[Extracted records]

········

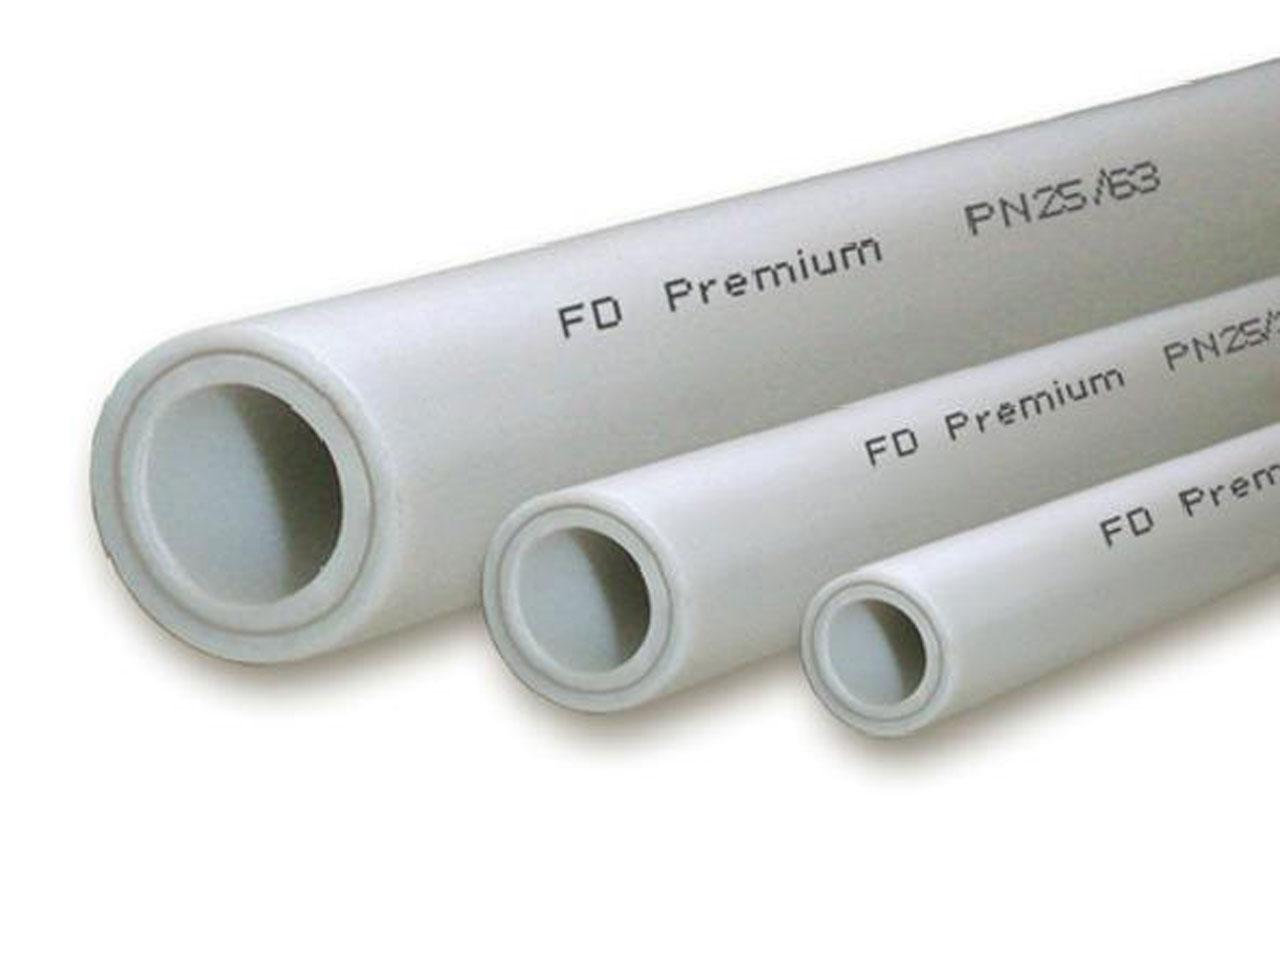 Труба полипропиленовая OPTIMUM армированная стекловолокном, SDR 6, белая, PN20, FDplast арт.2590  20х3,4
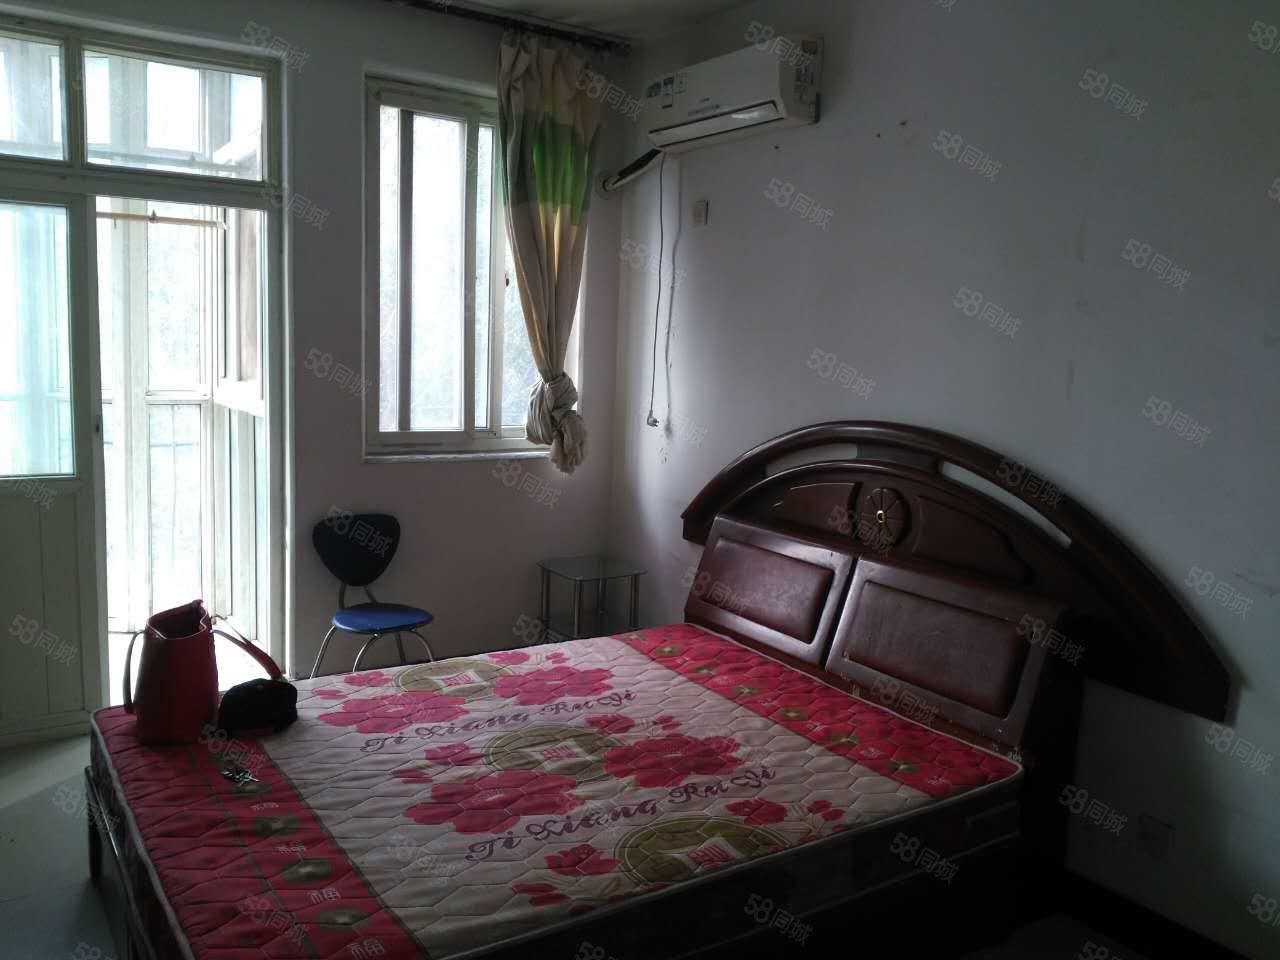 急租碧水云天精装一室一厅一卫干净整洁家具家电齐全
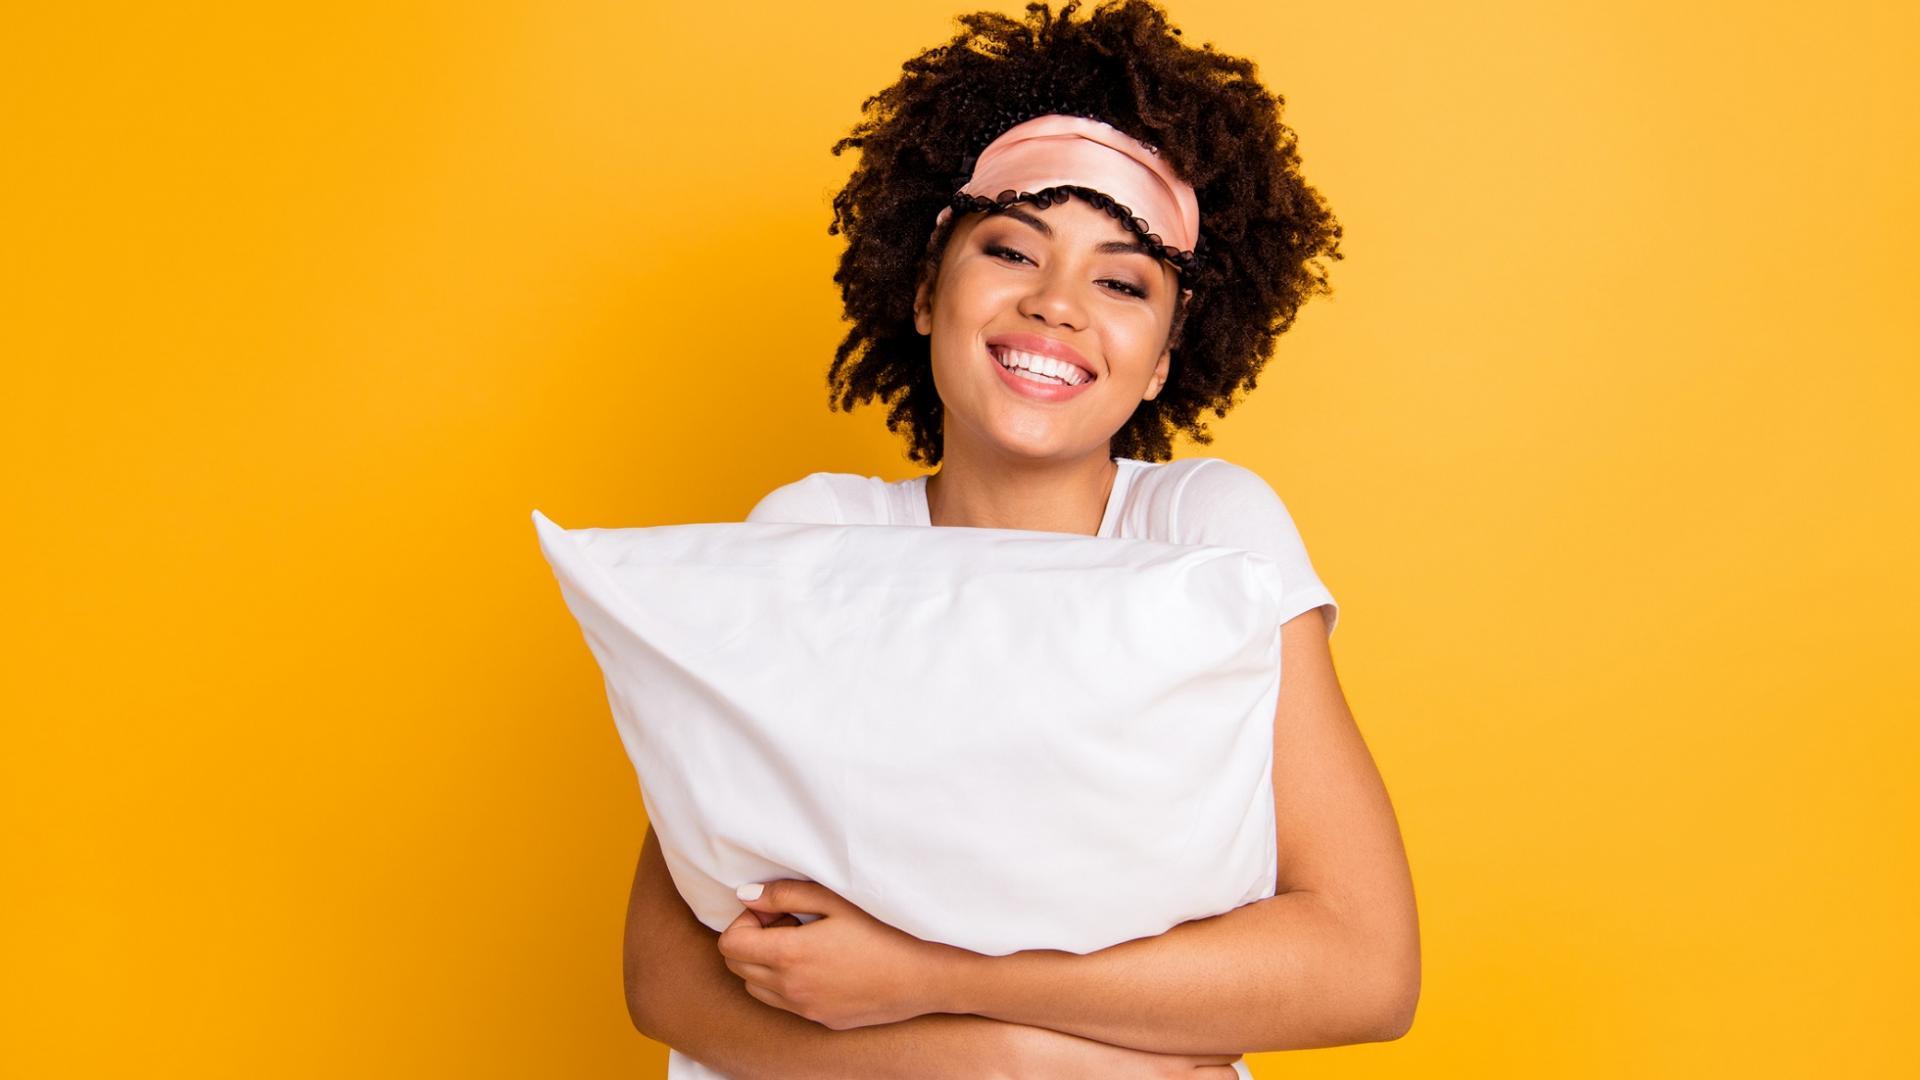 hübsche junge lächelnde Frau mit dunklen Haaren und dunkler Haut trägt Schlafmaske und hält ein Kissen in der Hand
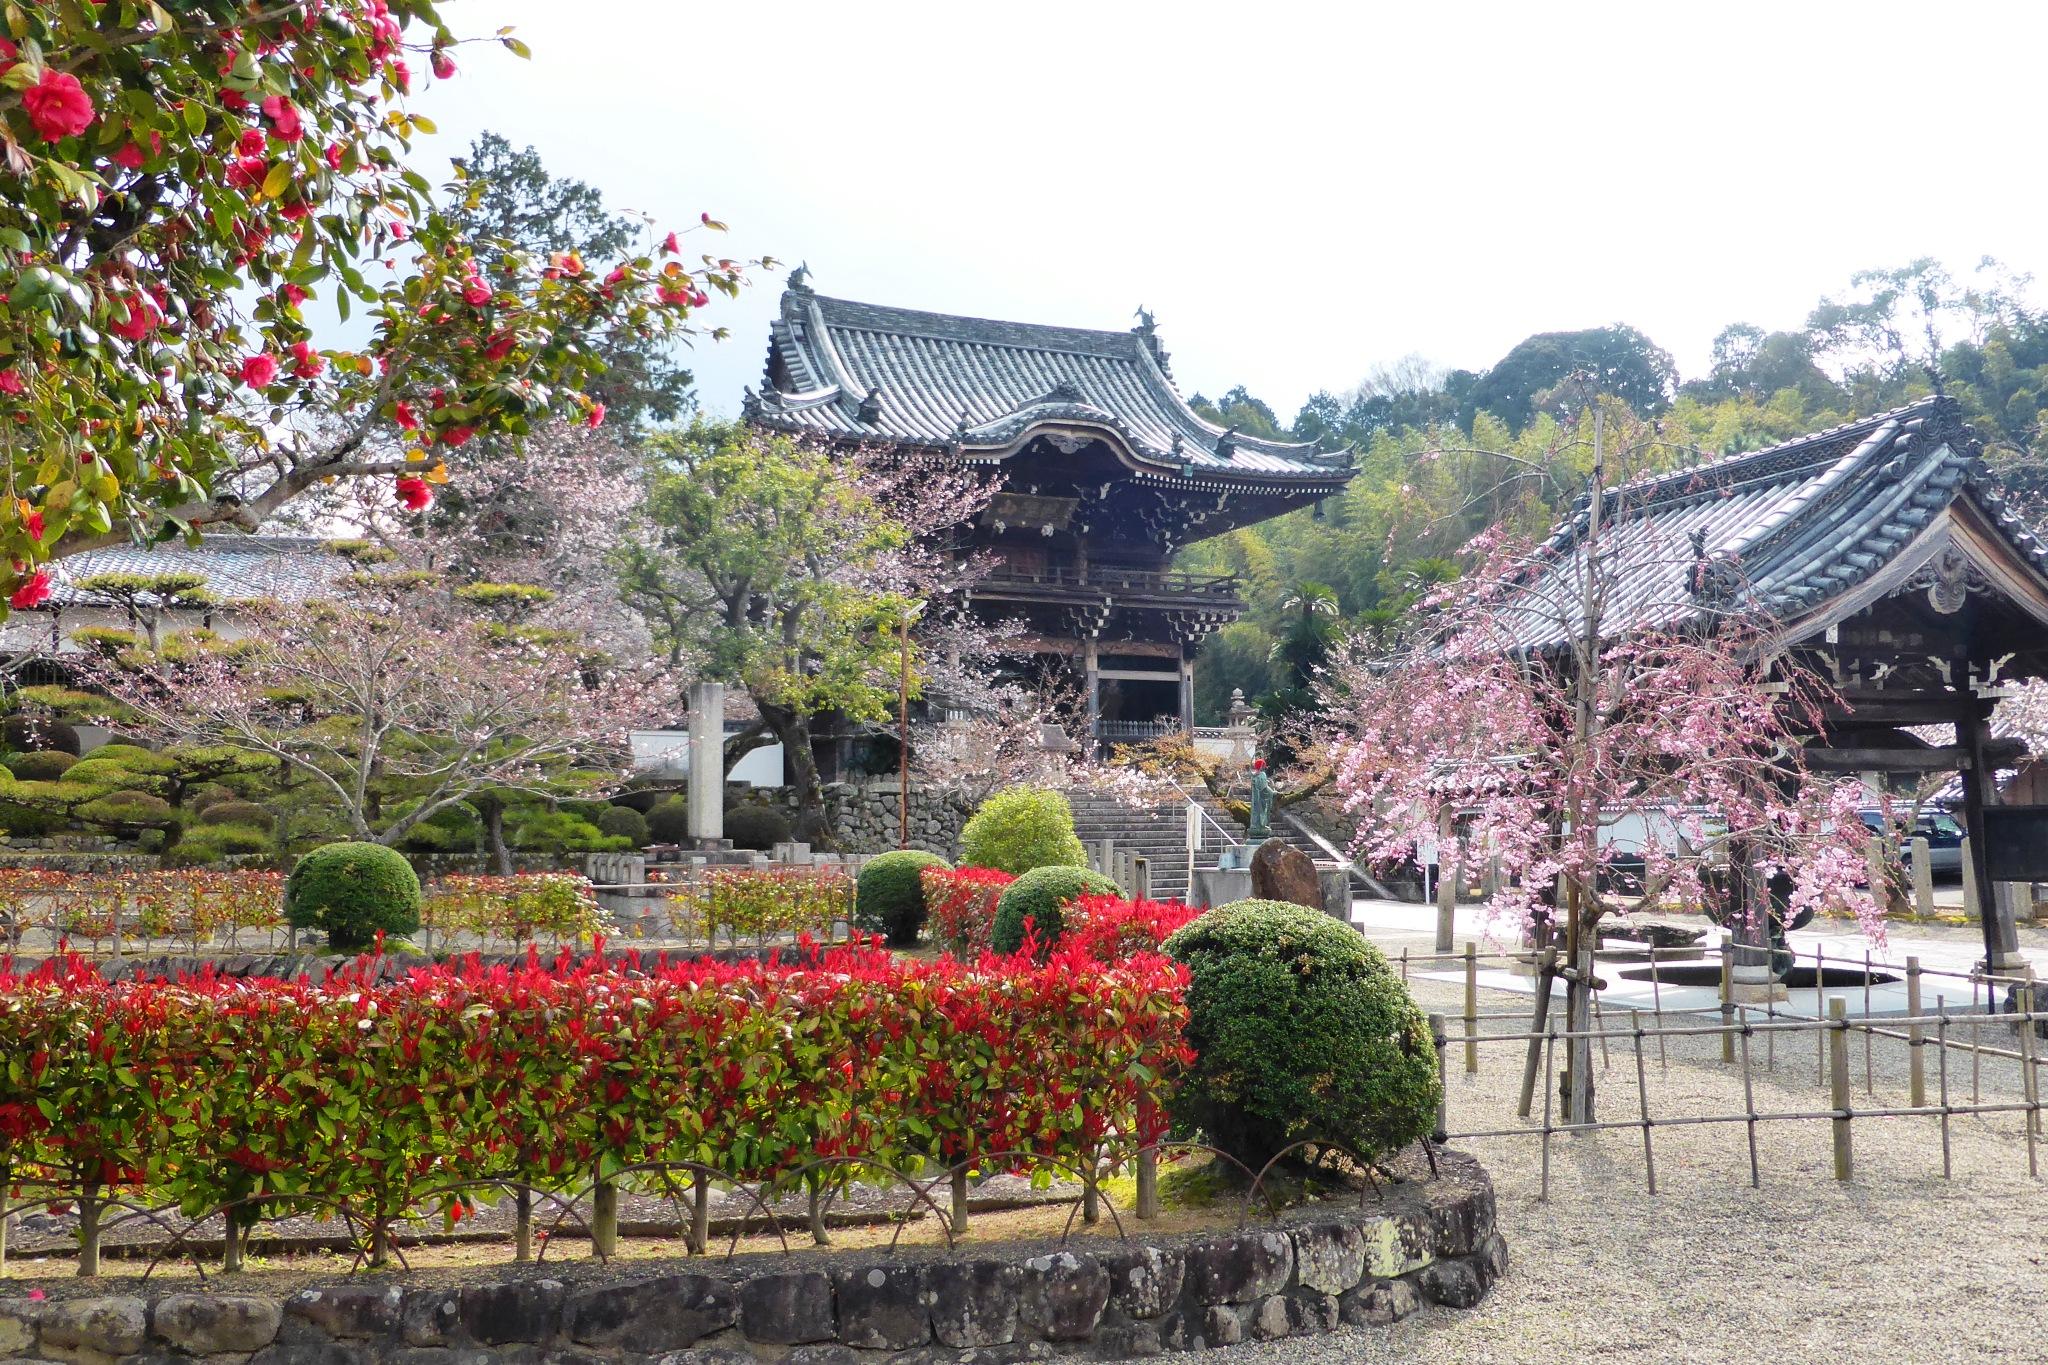 和歌山県紀の川市にある粉河寺の中門と桜と椿
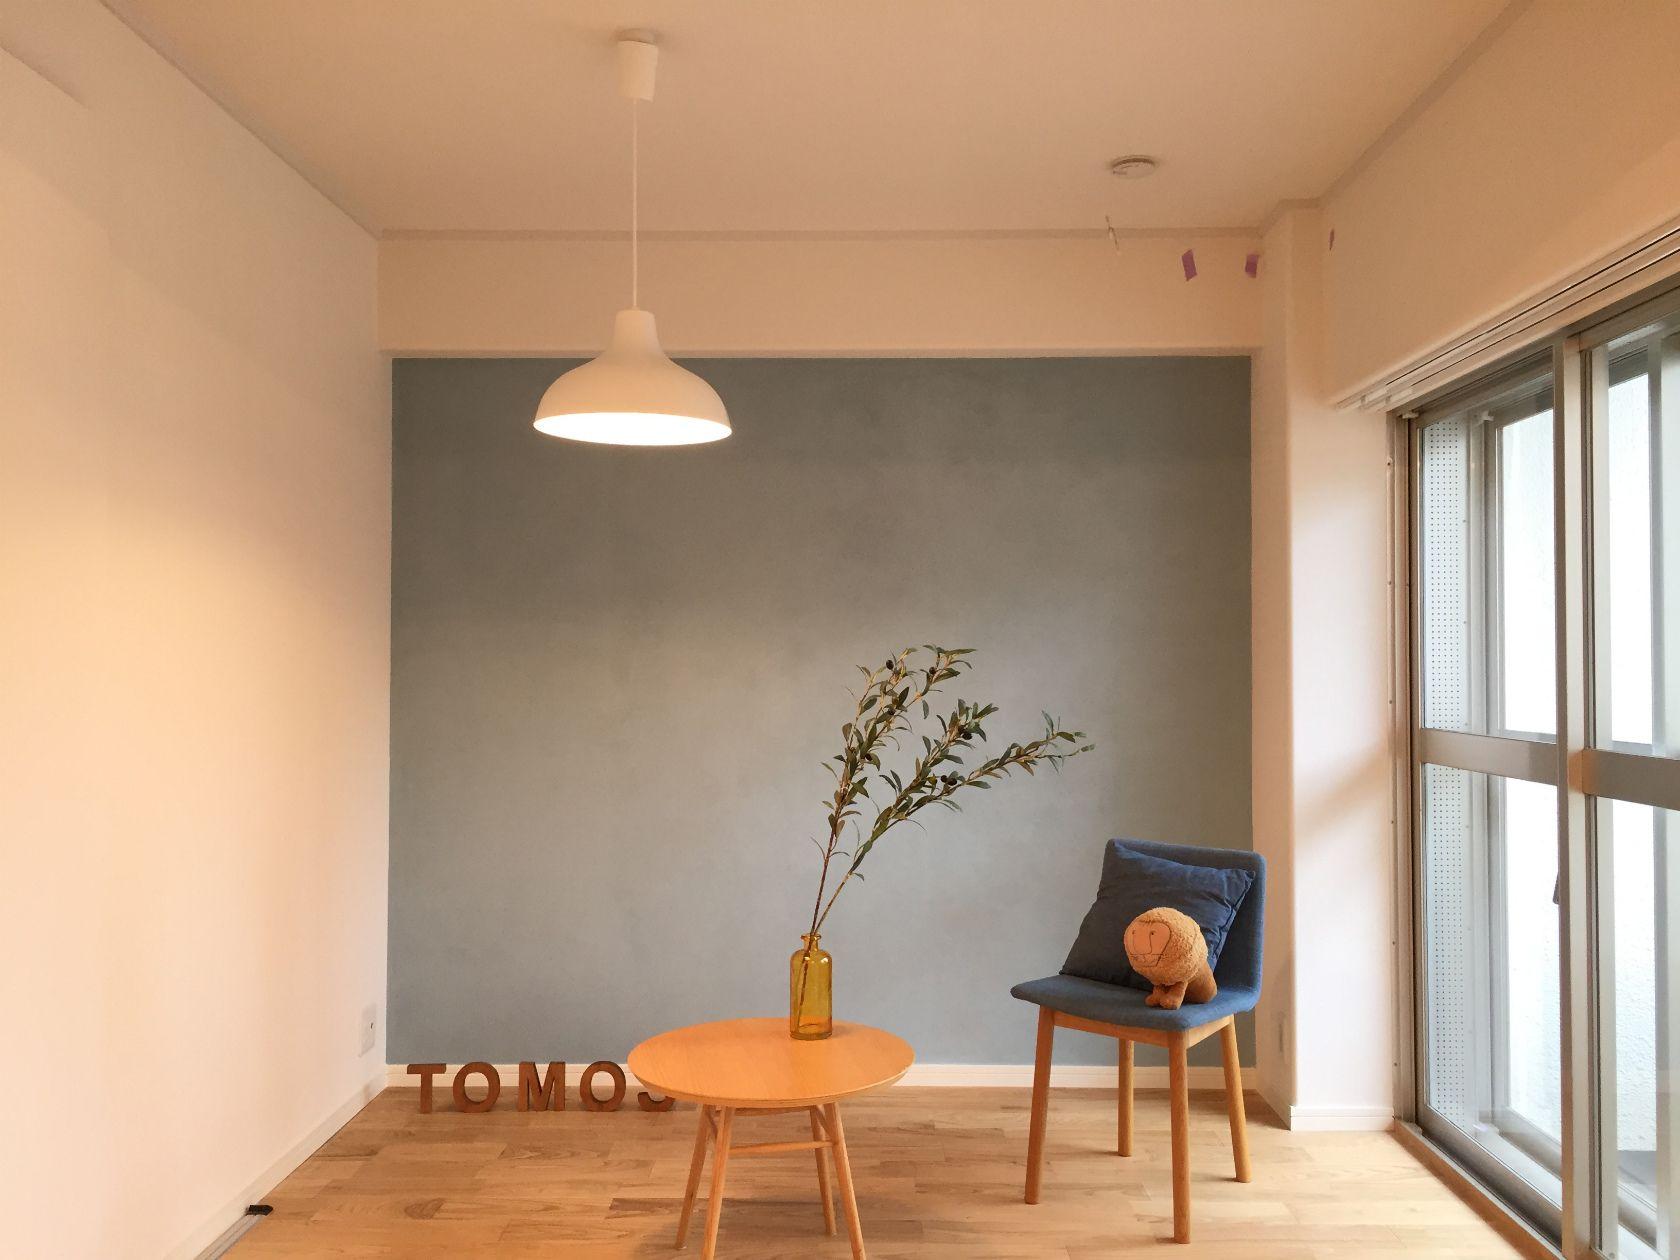 賃貸でも壁の塗装ってできるの?→やってみました―賃貸DIY部 #01   goodroom journal

········

- **WHAT TO PRODUCE**
Give the data again word for word, without images.

- **TASK ANSWER**
 Труба полипропиленовая OPTIMUM армированная стекловолокном, SDR 6, белая, PN20, FDplast арт.2590  20х3,4
 急租碧水云天精装一室一厅一卫干净整洁家具家电齐全
 hübsche junge lächelnde Frau mit dunklen Haaren und dunkler Haut trägt Schlafmaske und hält ein Kissen in der Hand
 和歌山県紀の川市にある粉河寺の中門と桜と椿
 賃貸でも壁の塗装ってできるの?→やってみました―賃貸DIY部 #01   goodroom journal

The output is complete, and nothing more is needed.